== EXERCISE GOAL ==
In the material below, find the line containing "Kreditkarte - Elektronische" and the line containing "FurnitureRoots è un", then reproduce exactly both of them and every line between, and nothing else.

(PROVIDED DATA begins)

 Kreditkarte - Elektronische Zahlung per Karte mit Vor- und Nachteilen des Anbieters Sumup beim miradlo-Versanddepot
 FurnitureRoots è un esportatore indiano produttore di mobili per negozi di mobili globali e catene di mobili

(PROVIDED DATA ends)
(PROVIDED DATA begins)

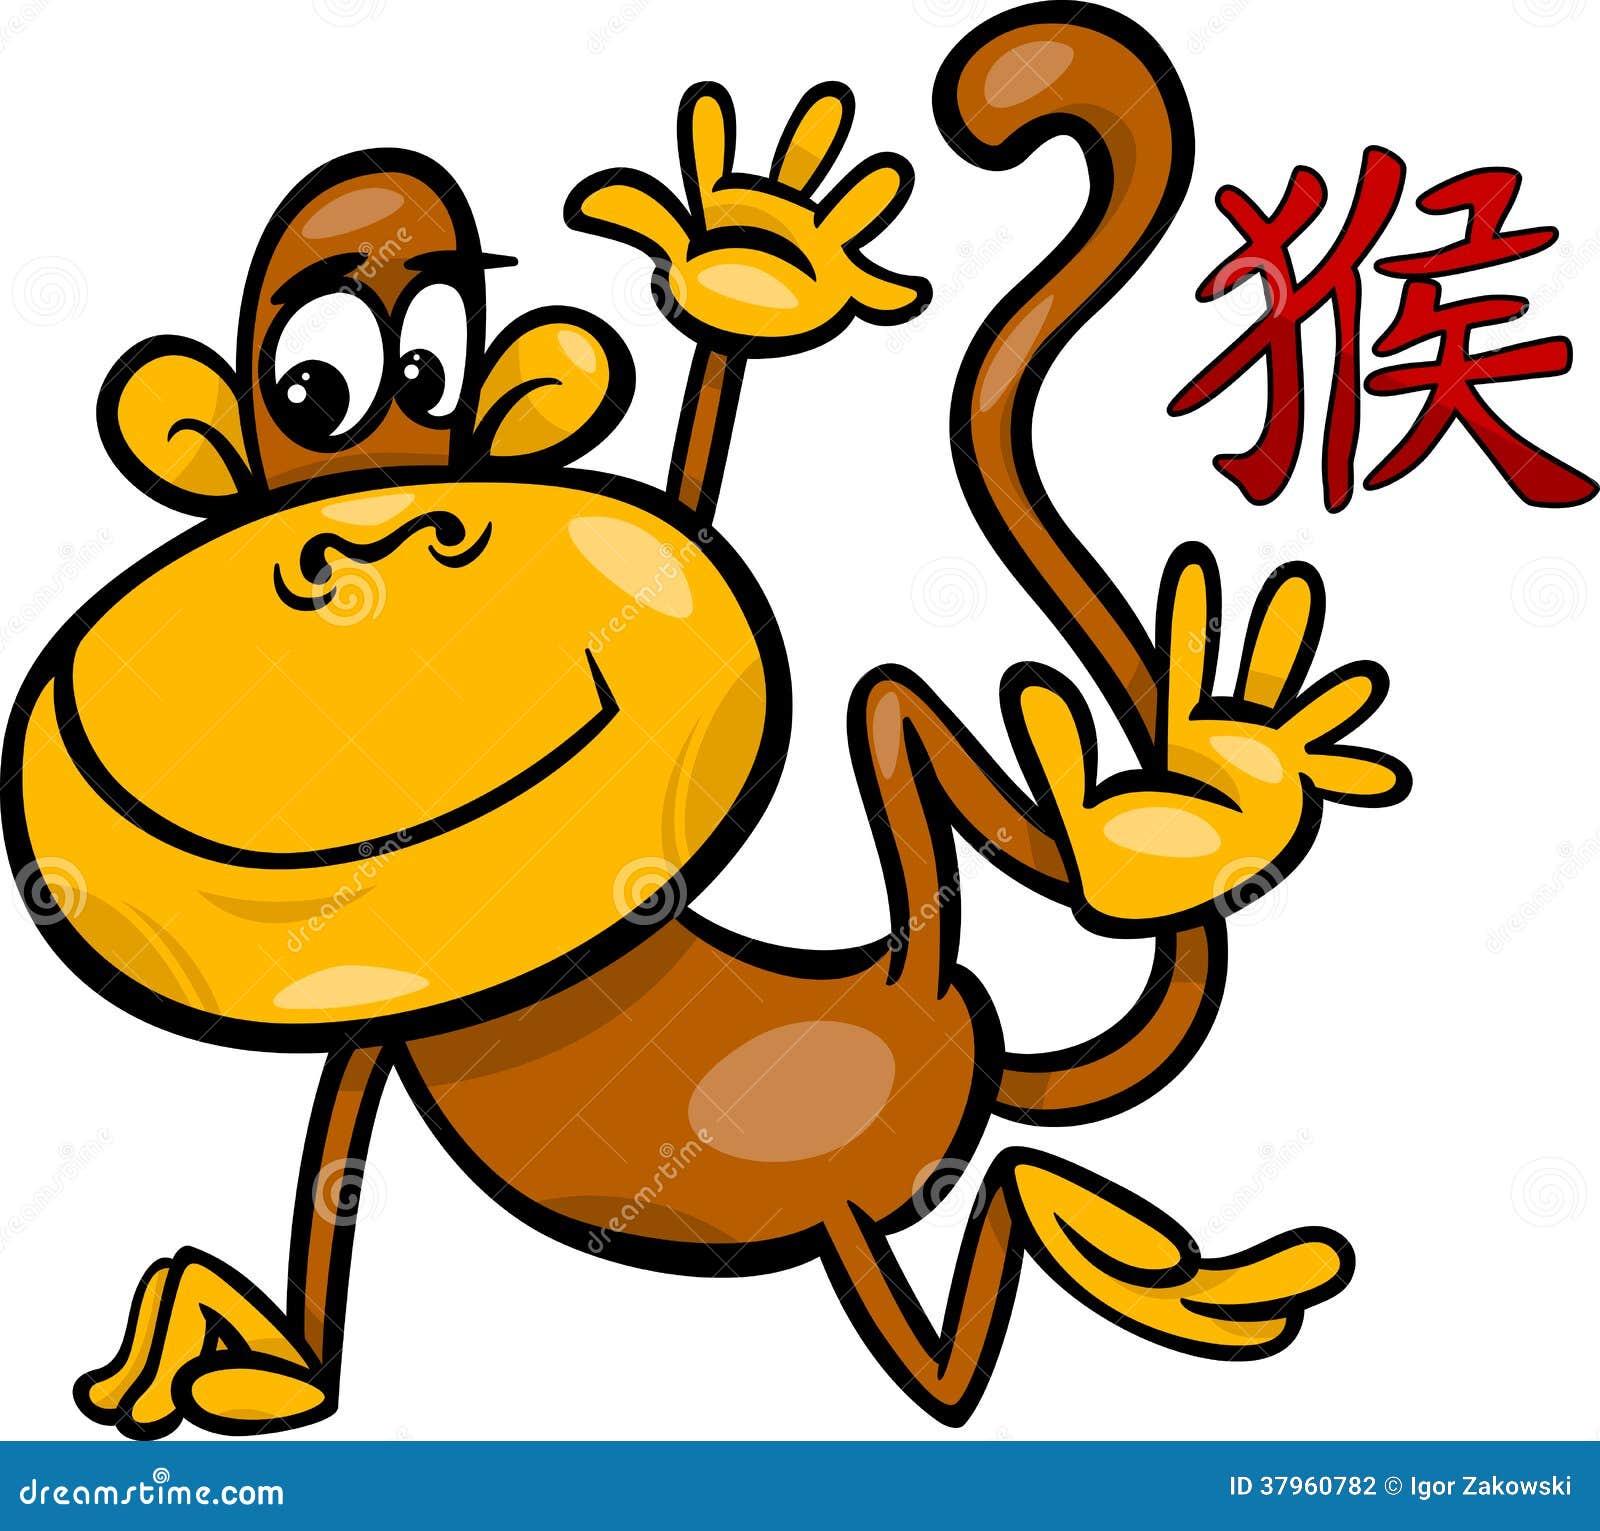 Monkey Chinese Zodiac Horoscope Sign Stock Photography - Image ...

(PROVIDED DATA ends)
(PROVIDED DATA begins)

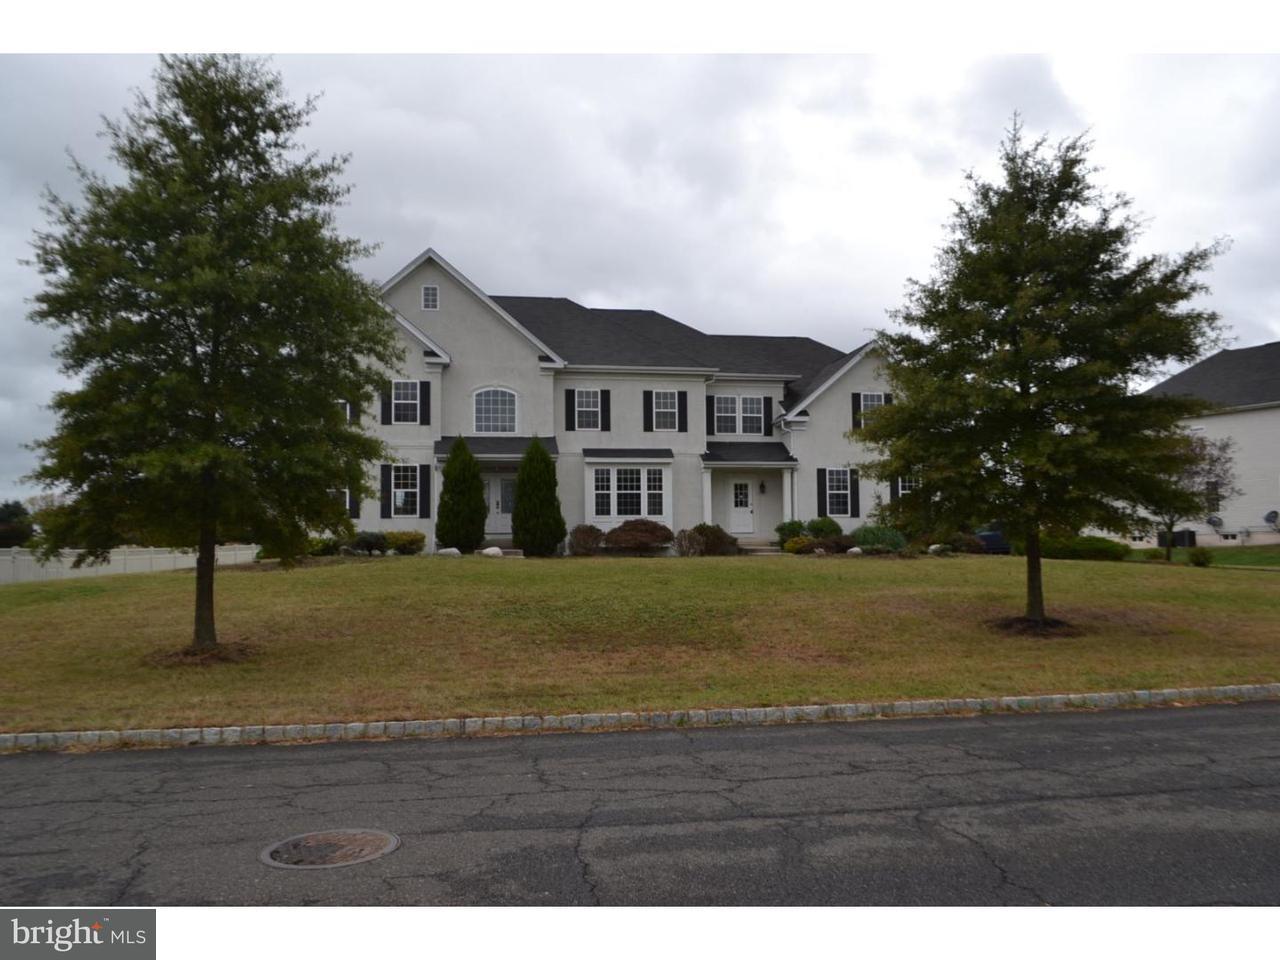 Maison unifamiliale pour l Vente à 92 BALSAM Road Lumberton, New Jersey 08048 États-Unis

(PROVIDED DATA ends)

== ANSWER TO THIS PROBLEM ==
 Kreditkarte - Elektronische Zahlung per Karte mit Vor- und Nachteilen des Anbieters Sumup beim miradlo-Versanddepot
 FurnitureRoots è un esportatore indiano produttore di mobili per negozi di mobili globali e catene di mobili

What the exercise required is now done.